Любой народ, даже самый малочисленный, имеет право быть услышанным, понятым. История каждого народа поучительна и не должна пропасть в темных лабиринтах веков. Мне кажется, именно эта мысль не давала покоя Семену Курилову.

В своем первом романе он описывал людей девятнад­цатого века. Но по сути юкагиры еще существовали тогда в первобытном обществе. Все это есть в его книге. Вечная

забота о том, чтобы не умереть с голоду; суеверия, кажу­щиеся веками проверенной истиной; ярмарки, на которых купцы обманывают опытных охотников, словно малых детей. Этот обман возможен не потому, что одни умны, а другие наивны. Просто одновременно существуют разные миры; в одном иголка стоит копейки, в другом — это огромная ценность. Особая же прелесть, бесспорная убеди­тельность книг Курилова в том, что он сумел реконструи­ровать медленно текущее время, которое в романе «Новые люди» резко меняет свой ритм. При этом прозаик не перенес свое сегодняшнее знание во вчерашний опыт народа.

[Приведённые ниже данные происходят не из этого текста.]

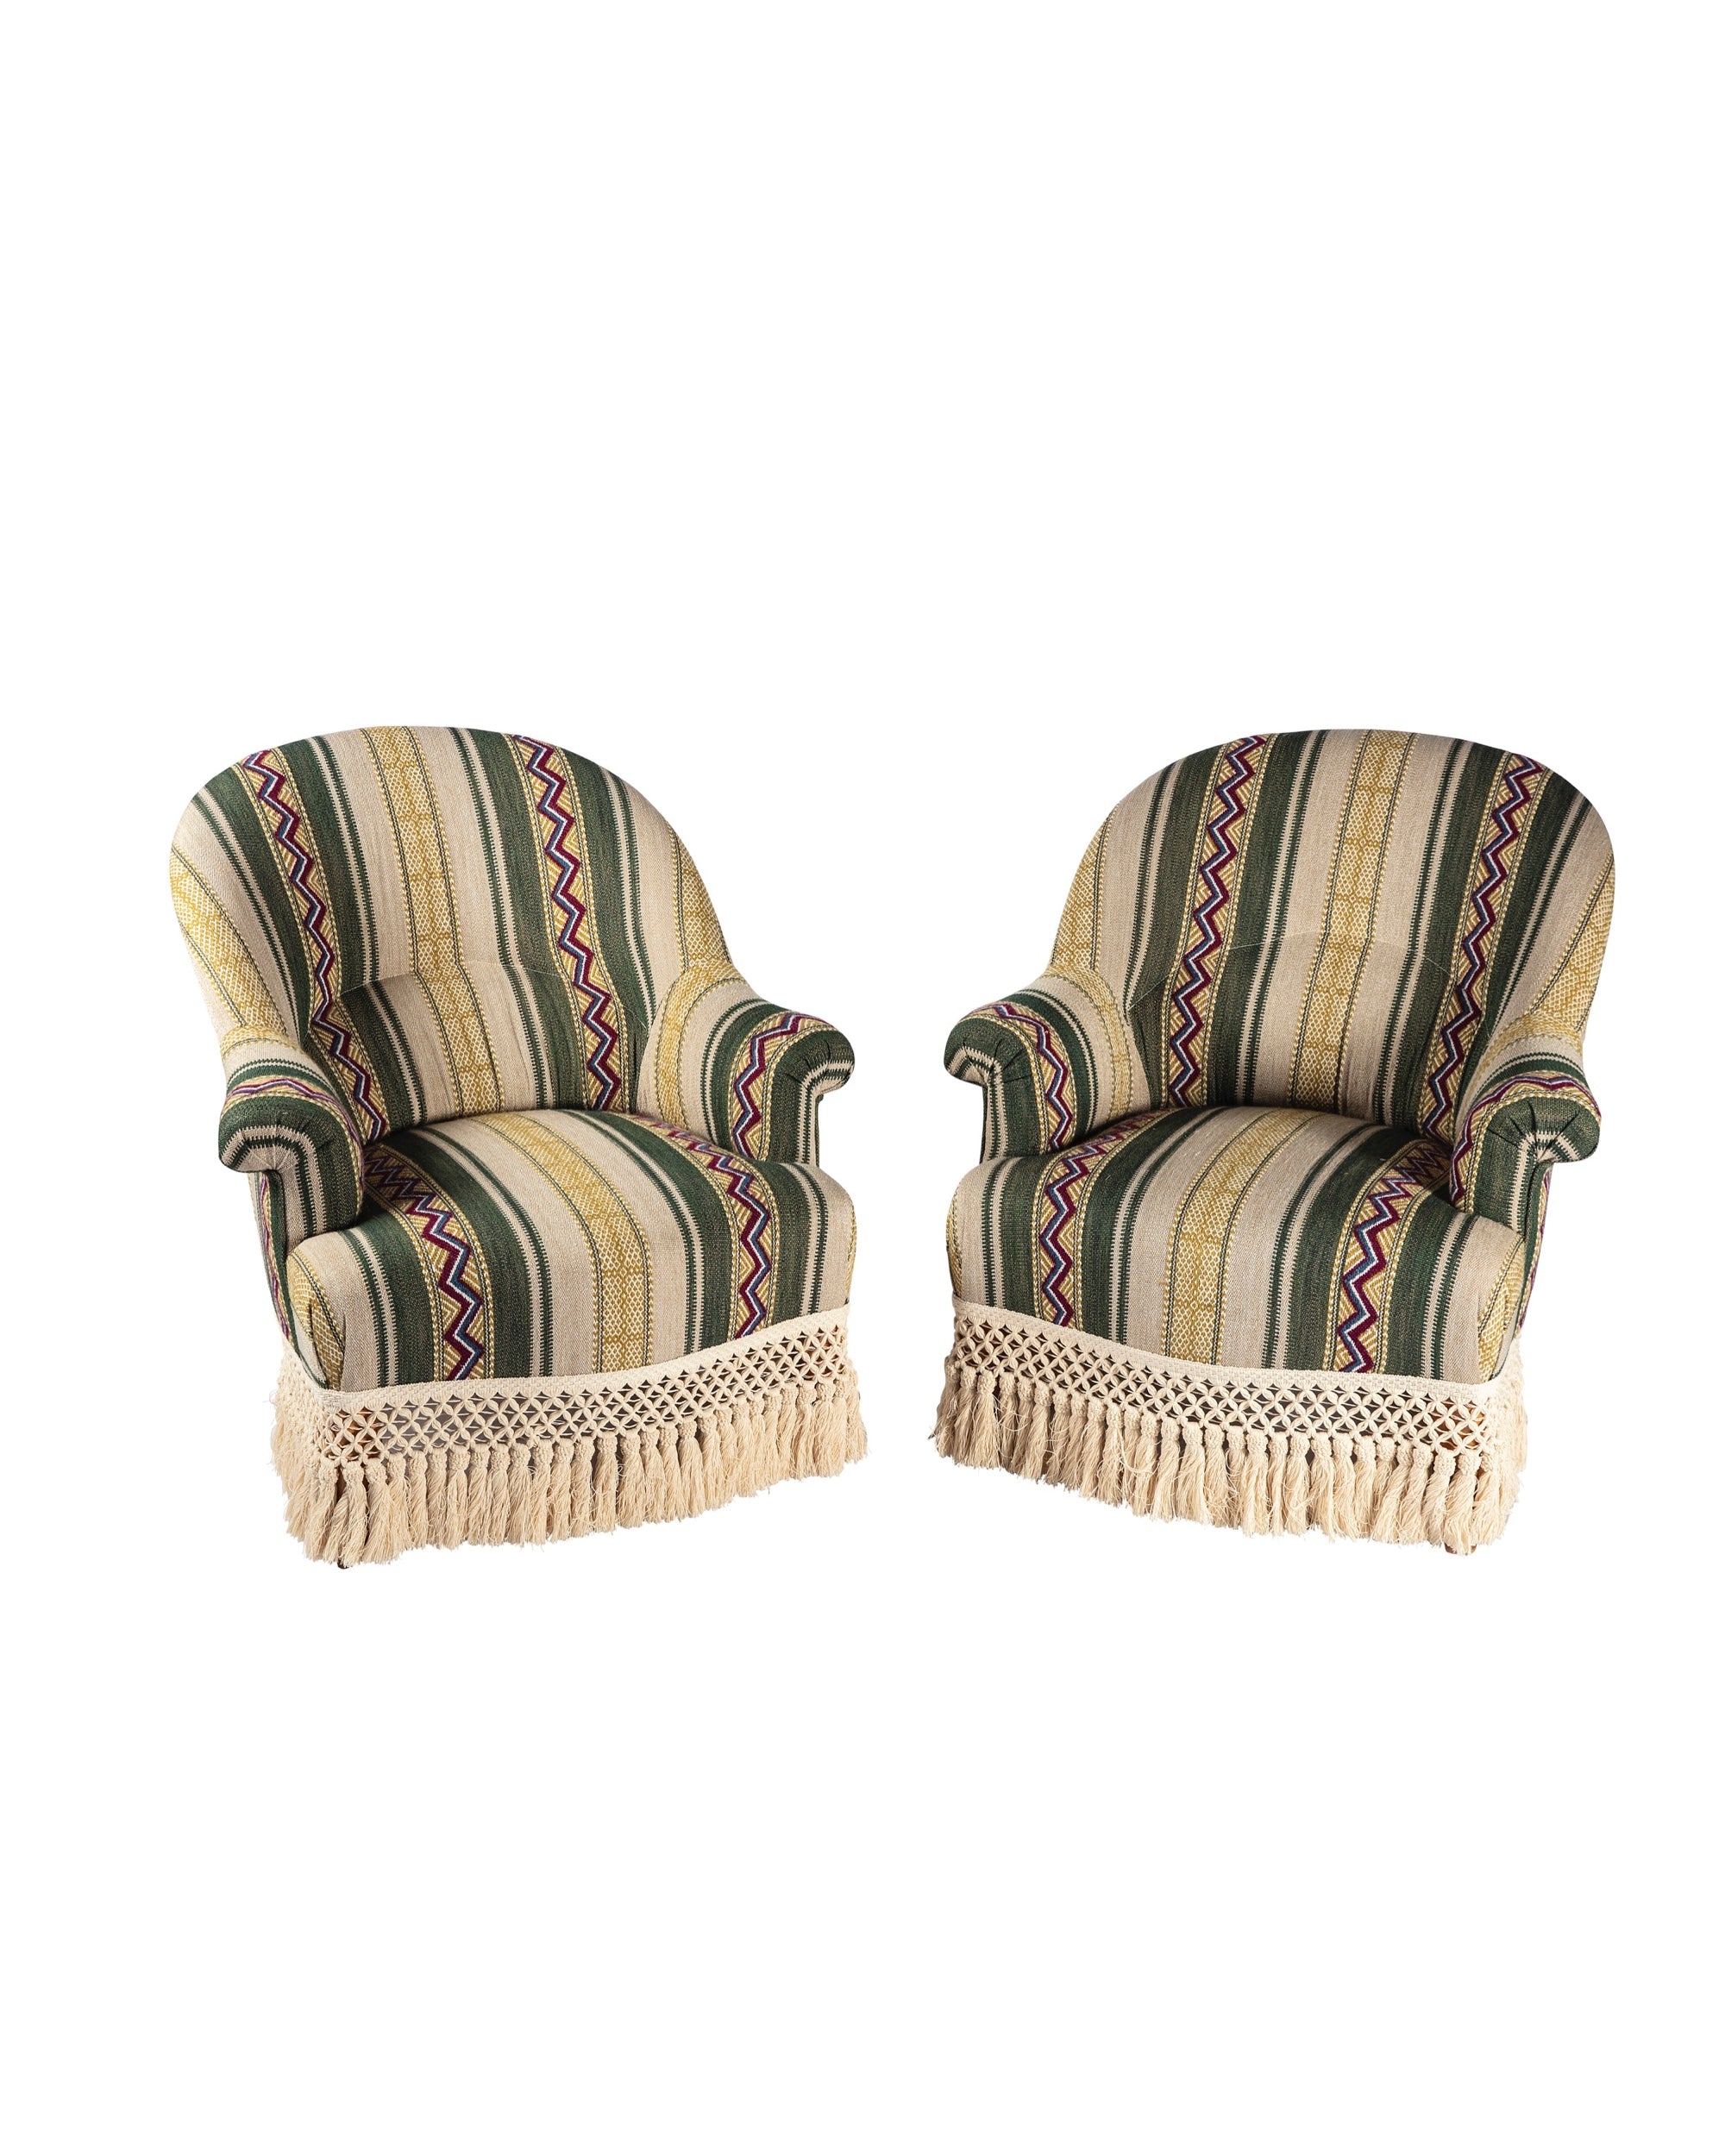 Pair of upholstered armchairs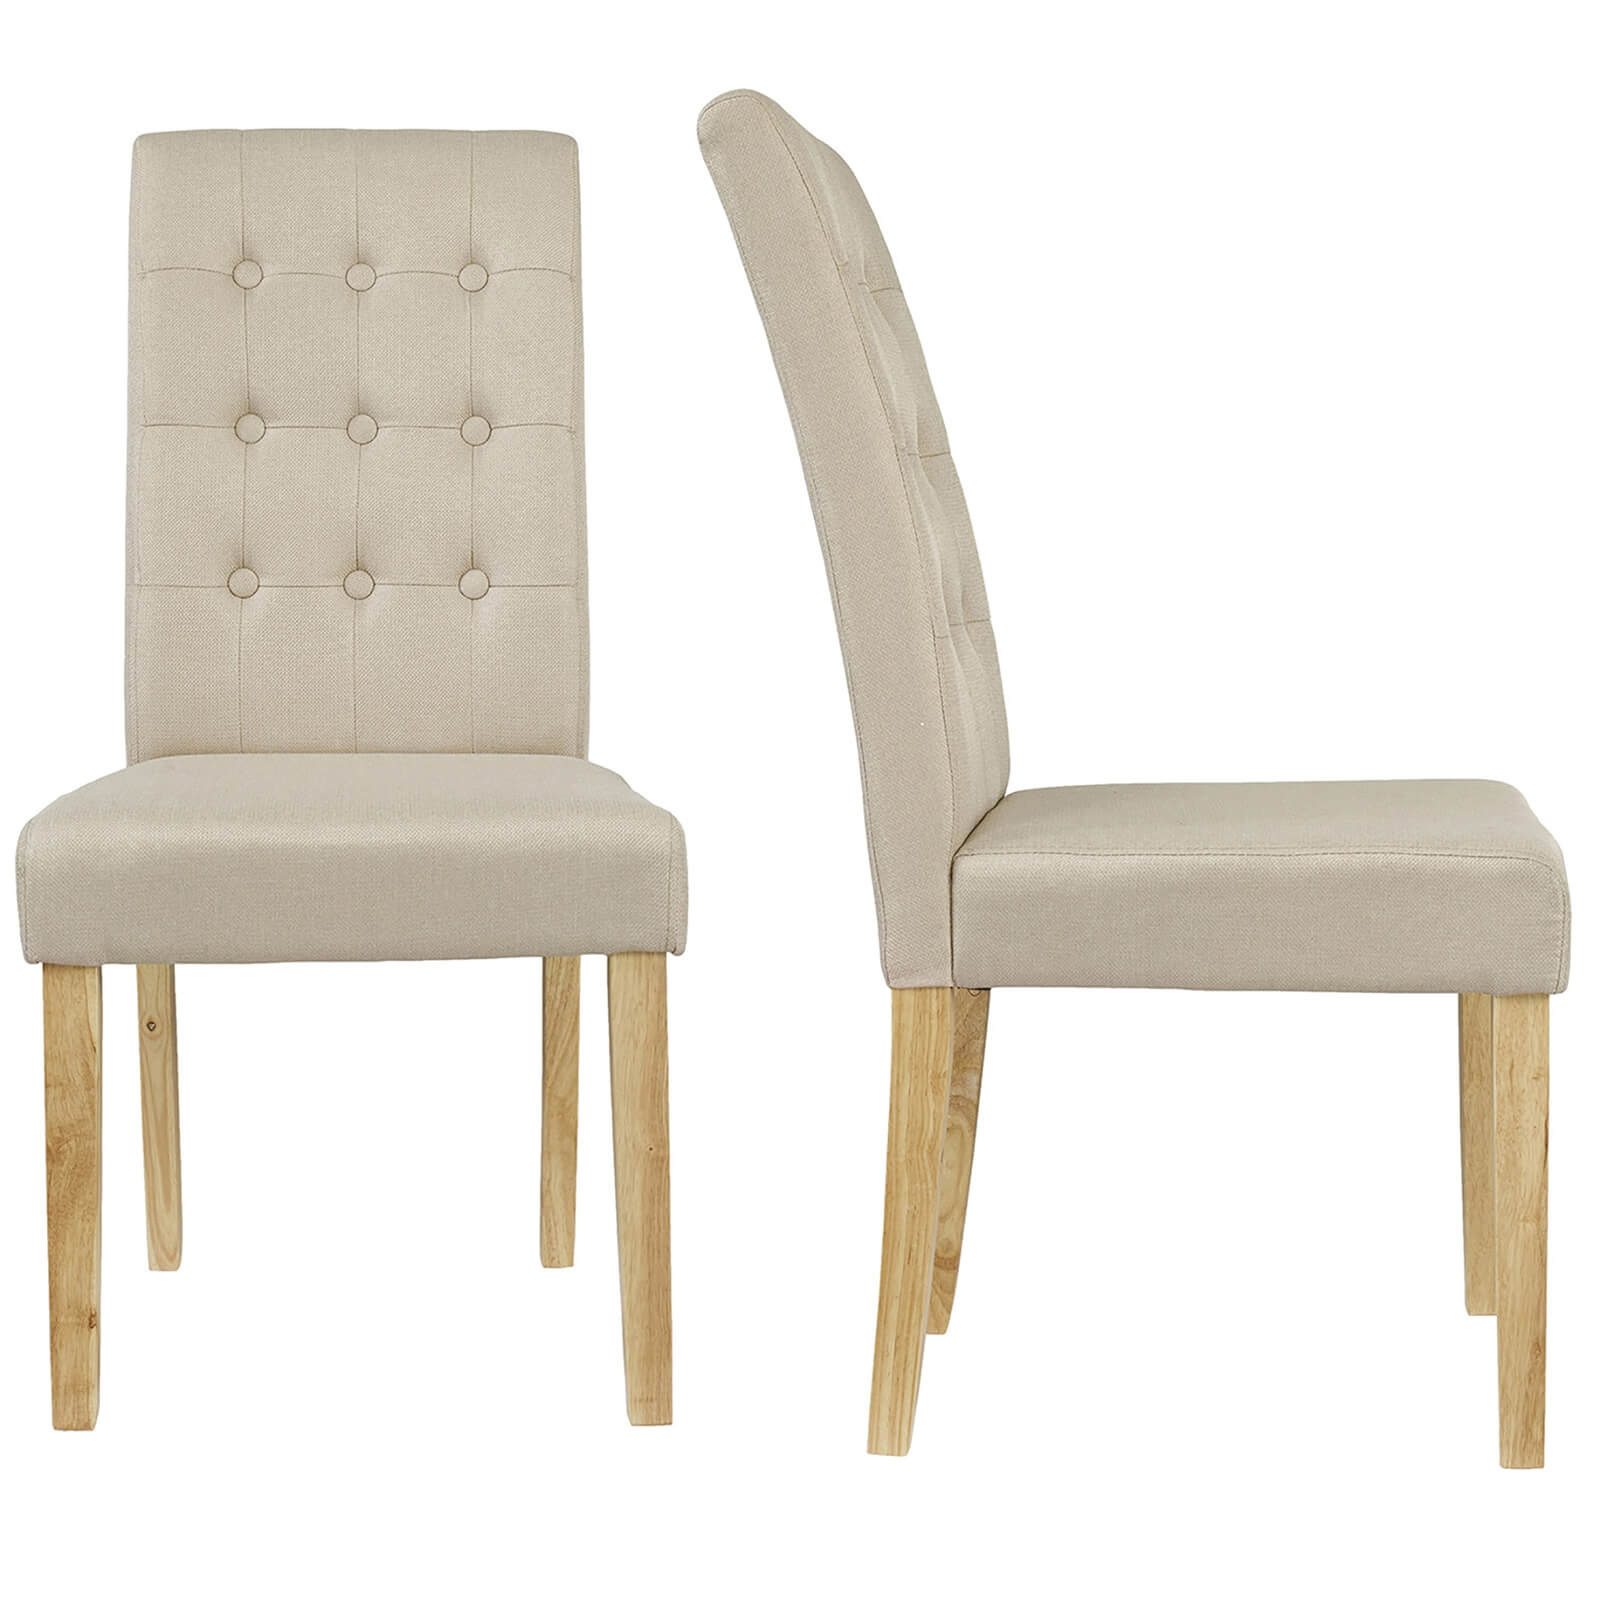 Roma Dining Chair - Beige

Автор избежал и другой крайности — увы, она распро­странена в молодых литературах. Это опасность вуль­гарно-социологического мышления, попытка строить ха­рактеры по известной схеме: если перед нами богач, он непременно жесток и алчен, если бедняк, то добр и не­счастен… Но вот один из главных героев писателя — глава юкагиров Куриль. (Кстати, богачом он стал почти случайно. Одинокий пастух, друг Куриля, выиграл на состязаниях табун оленей. «Выиграл — и от радости умер. Был пастух сиротой. Судили-рядили: что делать? Наконец решили передать оленей его товарищу, Курилю».) Это умный, справедливый, ни на кого не похожий человек. Конечно, он многое в мире не может понять, но не боится искать истину.

 

Его книги густо пропитаны легендами, сказками. Одну легенду — многозначительную и мрачную — автор пове­дал в прологе к своему первому роману.

Молодой парень пять долгих лет ищет себе невесту; обходит многие стойбища — всюду получает отказ. Нако­нец он слышит предсказание одной старухи, которая показывает на трехлетнюю девочку: это твоя будущая жена.

Вот тут-то и происходит чудовищное:

«Парень вздрогнул, потом весь затрясся. Он вскочил, бросился к девочке — и ударил ее ножом.— Чем пятнад­цать лет ждать свое будущее — пусть его не будет сов­сем! — сказал он ошеломленной старушке. И исчез из тордоха».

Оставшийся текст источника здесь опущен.